L’article 700 du code de procédure civile, dans ses dispositions applicables à l’espèce, énonce que le juge condamne la partie tenue aux dépens ou qui perd son procès à payer à l'autre partie la somme qu'il détermine, au titre des frais exposés et non compris dans les dépens. Dans tous les cas, le juge tient compte de l'équité ou de la situation économique de la partie condamnée. Il peut, même d'office, pour des raisons tirées des mêmes considérations, dire qu'il n'y a pas lieu à ces condamnations.

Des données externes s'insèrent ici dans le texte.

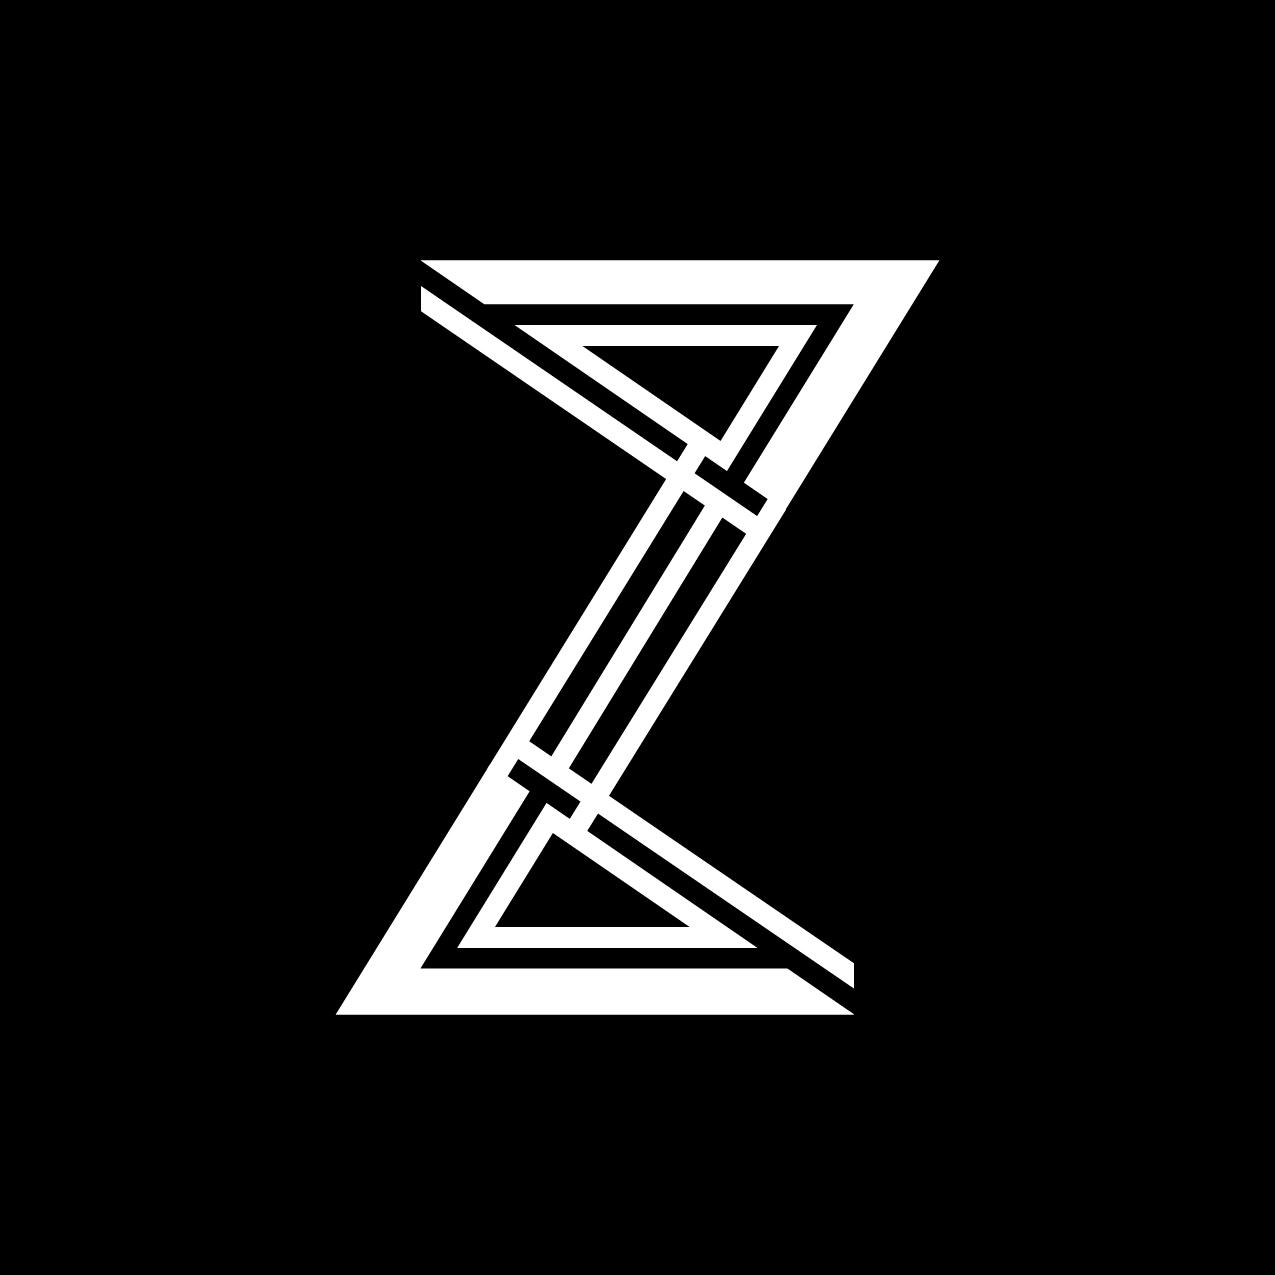 Letter Z4 Design by Furia
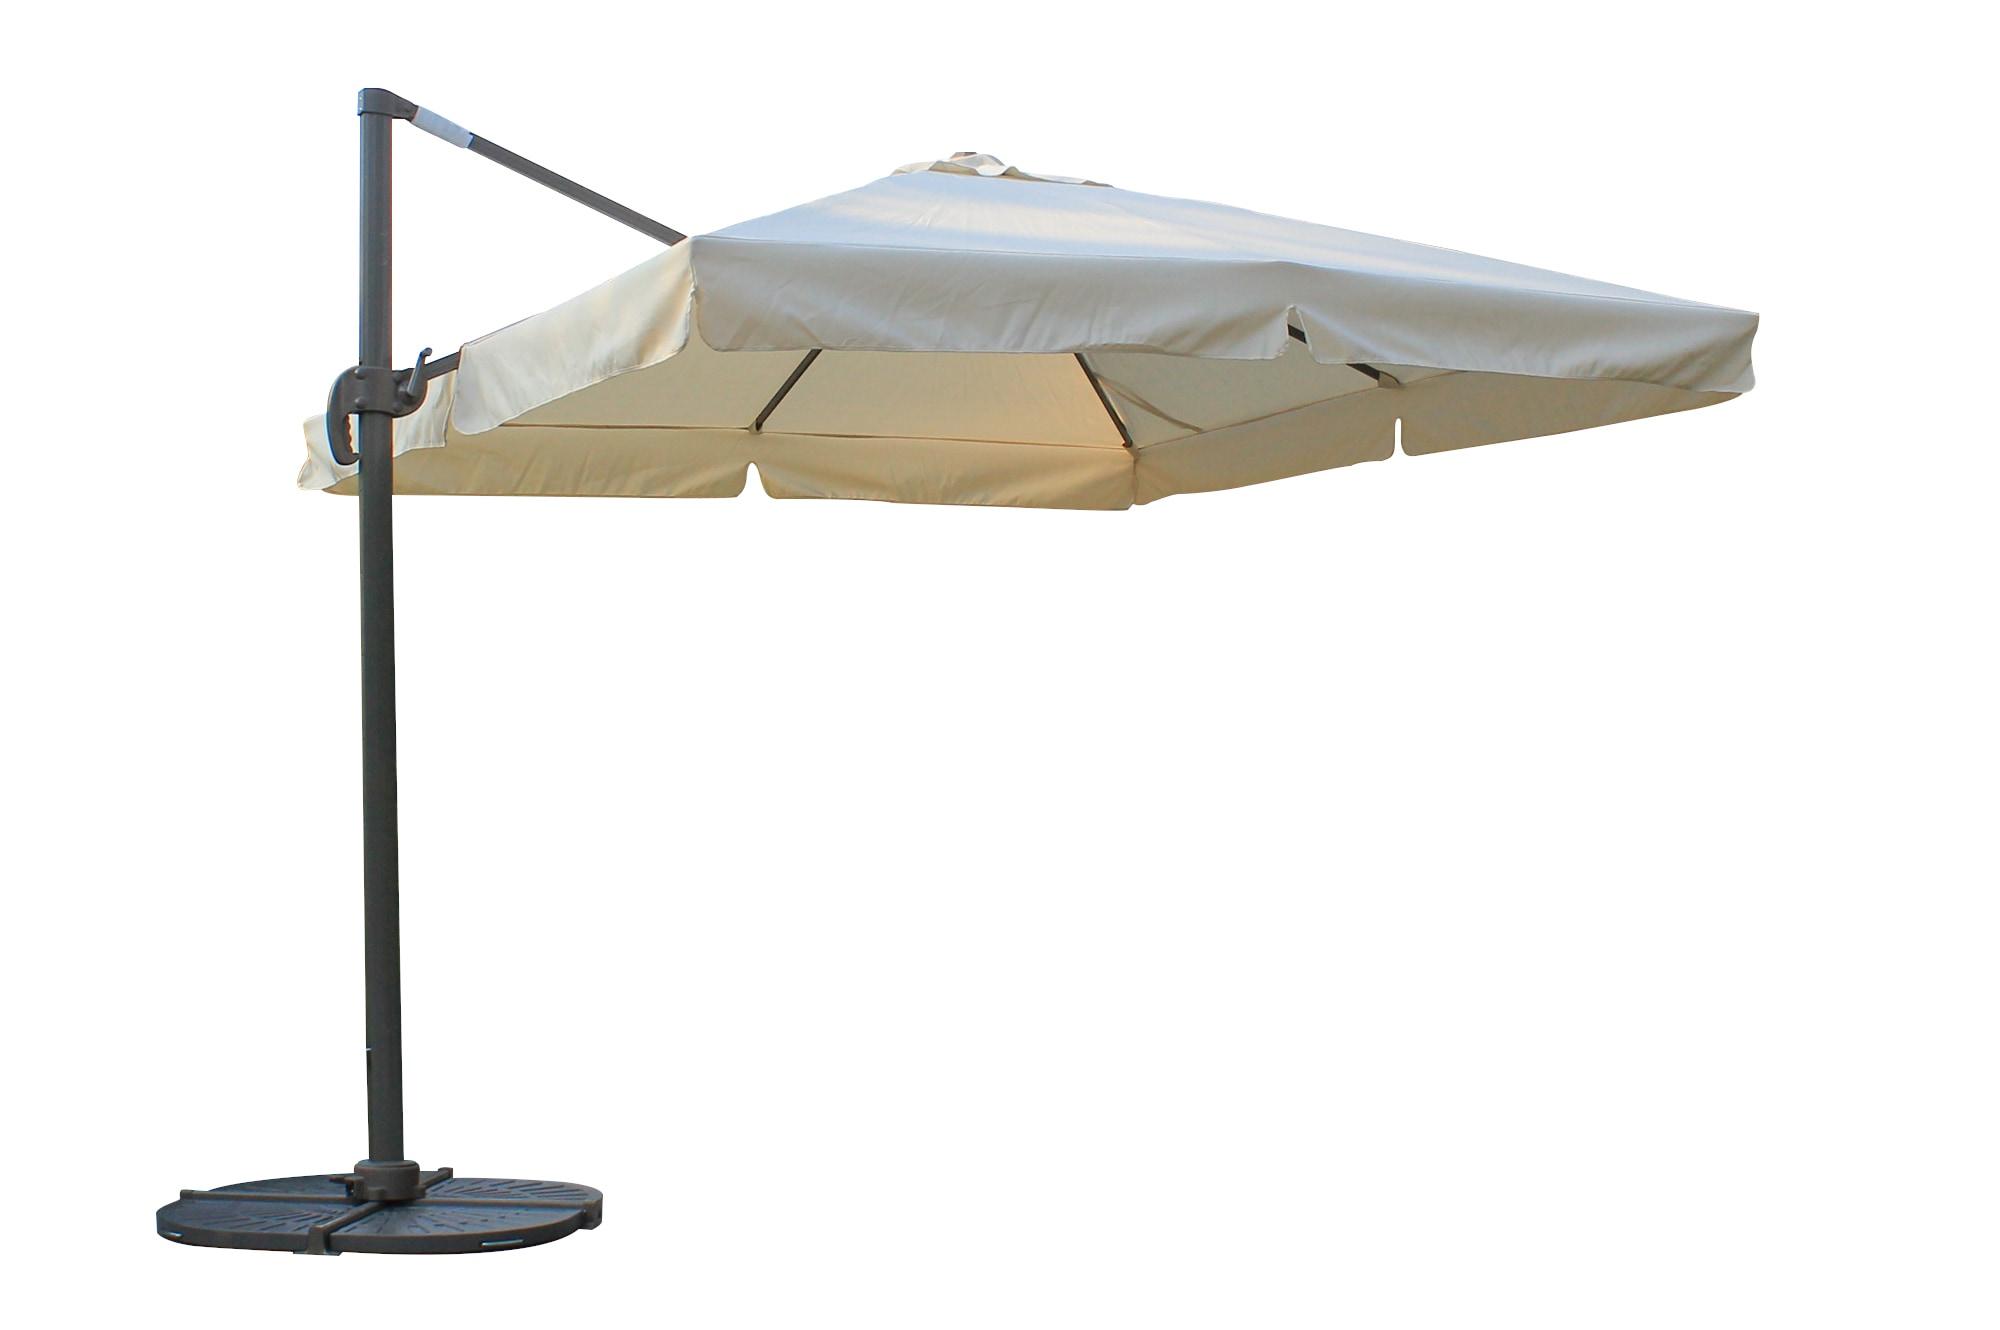 Wonderful Kontiki Shade U0026 Cooling Offset Patio Umbrellas 10 Ft Square Offset Roma  Umbrella   Taupe

Les parties peuvent produire les justificatifs des sommes qu'elles demandent.
Il sera rappelé en tant que de besoin que ce texte n’a ni pour objet ni pour effet de sanctionner une éventuelle faute de la partie à laquelle il est appliqué, et pas davantage son éventuelle mauvaise foi, mais simplement de prendre en compte les frais exposés par la partie considérée comme gagnante pour les besoins de la défense de ses intérêts.
En l’absence de justificatif du montant des frais irrépétibles, l’équité conduit à allouer à la requérante la somme de 1 000 euros que la CPAM de la Somme sera condamnée à lui verser.
Au regard de la solution retenue, l’exécution provisoire n’est pas nécessaire.
PAR CES MOTIFS
Le pôle social du tribunal judiciaire, statuant après débats en audience publique, par jugement contradictoire en premier ressort, publiquement mis à disposition au greffe de la juridiction,
Dit inopposable à la Maison de la culture d’Amiens la décision de la caisse primaire d’assurance maladie de la Somme portant prise en charge, au titre de la législation sur les risques professionnels, de la maladie déclarée le 3 septembre 2022 par [M] [O],
Dit que les éventuels dépens de l’instance seront supportés par la caisse primaire d’assurance maladie de la Somme,
Alloue à la Maison de la culture d’Amiens une indemnité de procédure de 1 000 (mille) euros et condamne la caisse primaire d’assurance maladie de la Somme au versement de cette somme,
Dit n’y avoir lieu à exécution provisoire.